En fín, la parte religiosa salió muy bien. No todos en la familia viven estas cosas con el mismo agrado e implicación, pero todos fueron generosos con los que sí lo hacemos. Y la verdad, así es como se va haciendo familia, con pequeñas renuncias de cada parte en beneficio del sentir general. Y a los papás, que primero dudaban sobre si en nuestras circunstancias debiéramos hacerlo o no, luego les encantó. Se les veía felices rodeados de todos nosotros. “¿Ves? ¿Tú crees que deberíamos haber suprimido todo esto?”, me regañó Rafa porque yo había sido uno de los que dudaban de la conveniencia de celebrar las bodas en una fecha tan reciente a la muerte de Javier. “Por supuesto que no, Rafa, reconocí, hubiera sido un error”. Y es verdad. No importan las lágrimas que nos hayan podido costar las emociones de este acto. Merecen la pena. Javier sería el primero en insistir en que esta fecha no nos la podíamos saltar por ninguna razón.

Y tras la fiesta canónica, la gastronómica. Los pintxos, el marisco, el jamón y las innumerables viandas que mis hermanos habían reservado para la ocasión en el Pasarela. Pues eso, una pasada. Todo estaba adornado como para una gran fiesta familiar con globos, fotografías, escritos y demás encantos propios de una familia con más críos que adultos (aunque por lo que disfrutamos y comentamos, no era fácil distinguir entre quiénes eran los críos y quiénes los adultos). Lo bonito era que se habían reunido todos, nietos y bisnietos para prepararlo. Así que todo aquello tenía todo el encanto de las cosas hechas con cariño.

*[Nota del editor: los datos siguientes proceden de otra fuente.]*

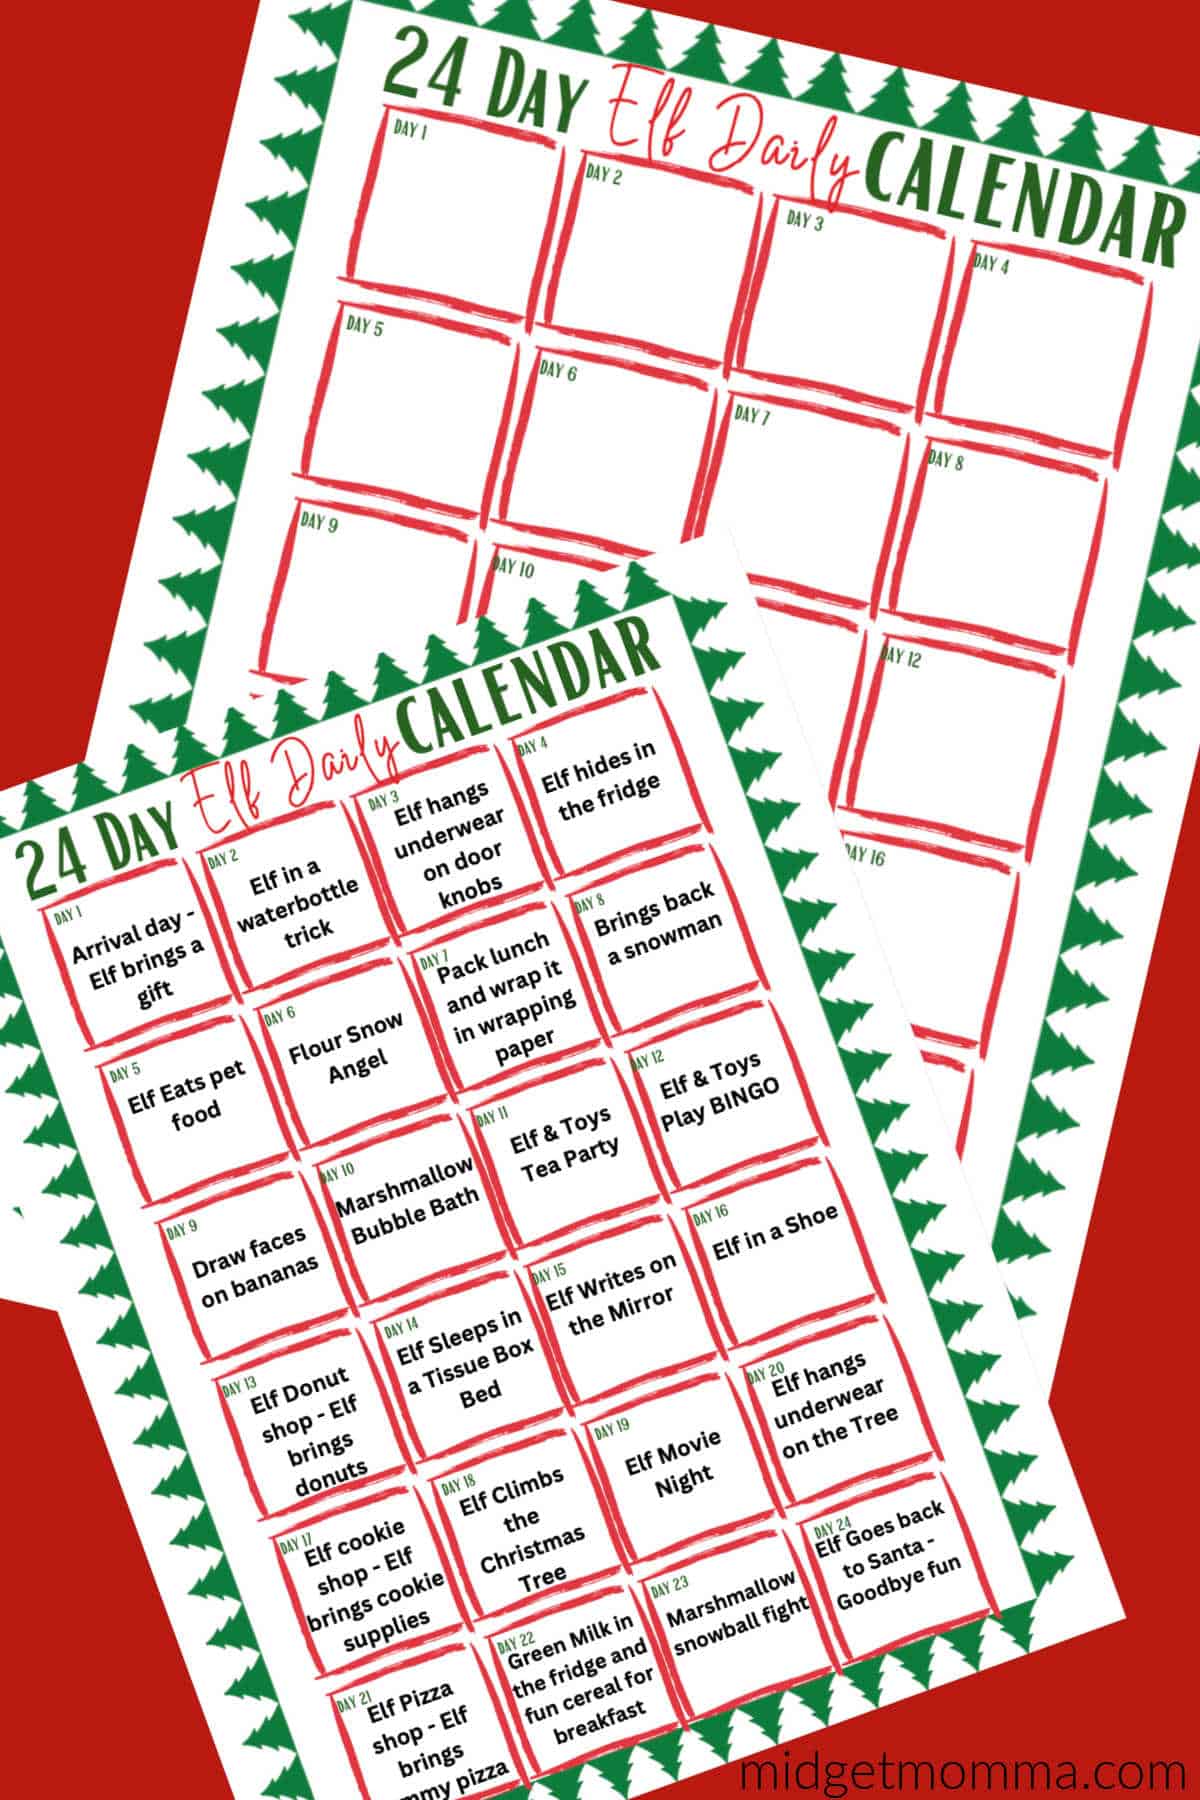 24 days of elf on the shelf ideas calendar printable pages
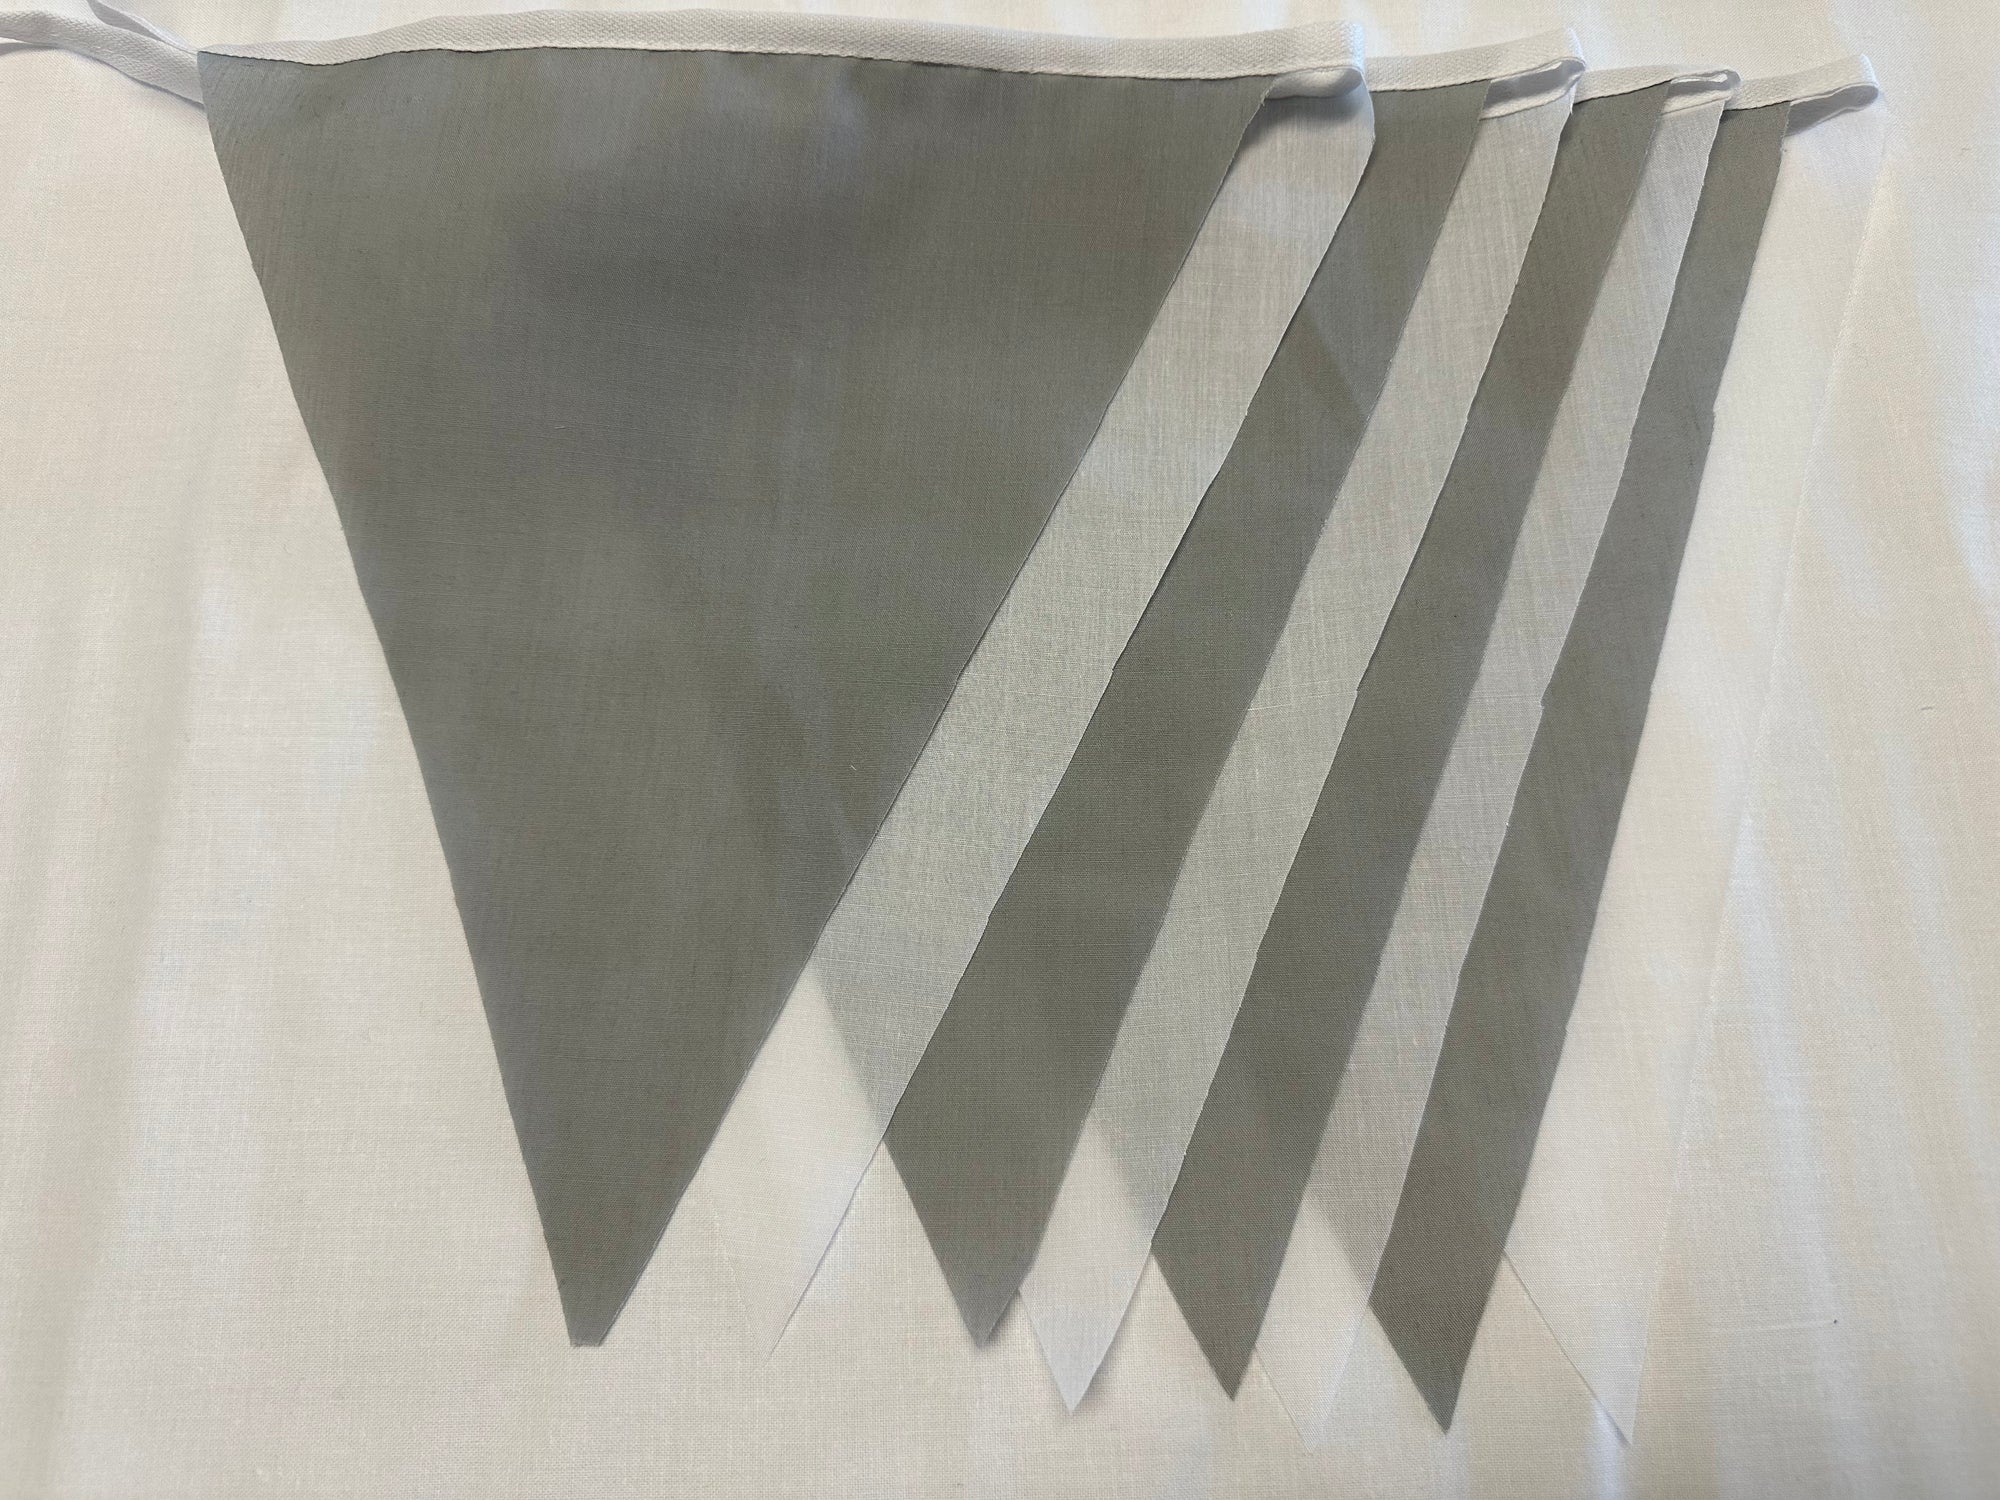 Basic Bunting Silver Grey & White Flags

Lo demás es lo sabido. Comimos más de lo aconsejable (que me lo digan a mí que pagué caros mis excesos), bebimos lo que no se puede contar (para desesperación de Rafa que no paraba de ir a buscar sus botellas Premium de vino gourmet al escondite en el que las conserbaba como oro en paño), jugamos a las cartas (volví a perder y eso pese a jugar con mi padre; esto se está convirtiendo en una maldición) y, sobre todo, estuvimos juntos mucha gente, con bastante ruido y sin molestar a nadie. Una envidia para cualquiera.